Data is required for other highly sensitive court proceedings: contested divorce, high profile corporate litigation, insurance fraud, medical malpractice, etc.  The OCA keeps data on the courts, but not on this secret procedure, which could lead to death or permanent injury the minor. 


In the 82nd Legislative Session, a bill to reorganize the entire Texas judiciary was introduced and travelled many of the required steps to passage.  This bill, Senate Bill 1717 by Senator Bob Duncan (R-Lubbock) was a perfect vehicle to add amendments that would close some of the loopholes on the judicial bypass proceeding.  When SB 1717 was heard on the House floor, Representative Will Hartnett (R-Dallas) amended the bill to require the collection of the type of data noted above for judicial bypass proceedings.  (The anonymity of the girl would be protected at all times.)  The data would be made on an aggregate basis according to judicial region so that the Legislature and the public would know if this process is working as legislators originally intended.  Information such as this would prove invaluable in shining the light on the judicial bypass system in Texas. 

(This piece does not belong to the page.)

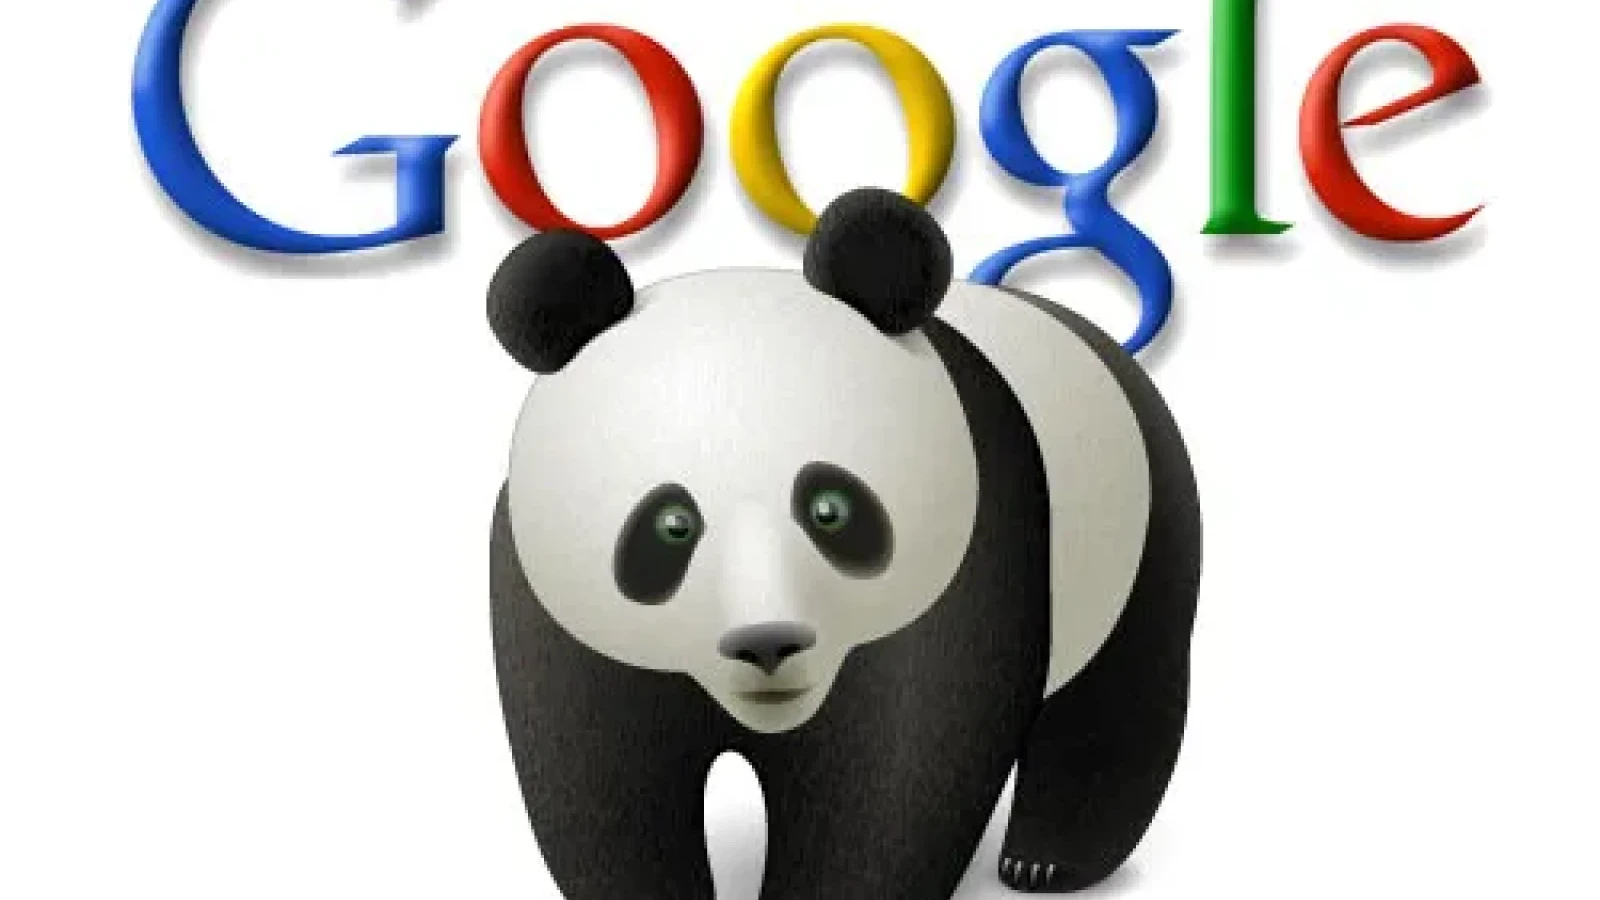 Обновление алгоритма Панды. Google Panda 4.1: как дальше жить?

Representative Phil King (R-Weatherford) also successfully added an amendment to SB 1717 that would require a financial audit of state funds being spent on judicial bypass proceedings and court appointed guardians ad litem and attorneys ad litem.  Legislators want to know how much the state (that’s us) is paying for courts and abortion clinics to circumvent parental authority for minor abortions.  The second part of Representative King’s amendment would have prohibited the court from appointing the attorney ad litem, who is usually referred by the abortion clinic, to also serve as the minor’s guardian ad litem.  This separation would involve one more individual to represent the best interest of the minor.  The attorney who is shepherding the girl through the court system for her secret abortion is not acting with the best interest of the minor; thus, another party appointed by the judge would hopefully be more neutral and actually assess the needs, concerns, and desires of the girl. 


Senate Bill 1717, as amended by the House, was returned to the Senate, but the Senate sponsor, Senator Duncan, did not concur with the House version.  A conference committee was then set to reconcile the differences, and that committee, chaired by Senator Duncan, rejected the Pro-Life amendments.  The final version to emerge from the conference committee was set to be approved at the 11th hour of the 82nd session.  Sadly, Texas Right to Life was told: 

These must-pass bills are not the venue to make a stand on your issues.  Some bills are off-limits to ideological fights, and you really should not meddle or slow the process for these. 

Texas Right to Life’s position is that “must-pass” bills are the perfect vehicles for Pro-Life amendments.  Our amendments passed in the House with very little opposition and with a wide margin; our amendments did not slow the bill’s passage whatsoever.  For if such bills indeed must pass, then so, too, should additional protections for the sanctity of innocent human life.  Oddly, this “must-pass” Senate Bill 1717 died on Sunday, May 29th at the midnight deadline due to partisan political squabbles unrelated to SB 1717 and unrelated to any Pro-Life issues. 


Senator Duncan has refiled this bill for the special session, and as expected, this filed version does not include Texas Right to Life’s amendments.  Governor Perry has not included this judicial reorganization bill as part of the special session so the bill may still languish until the 2013 83rd Legislative Session.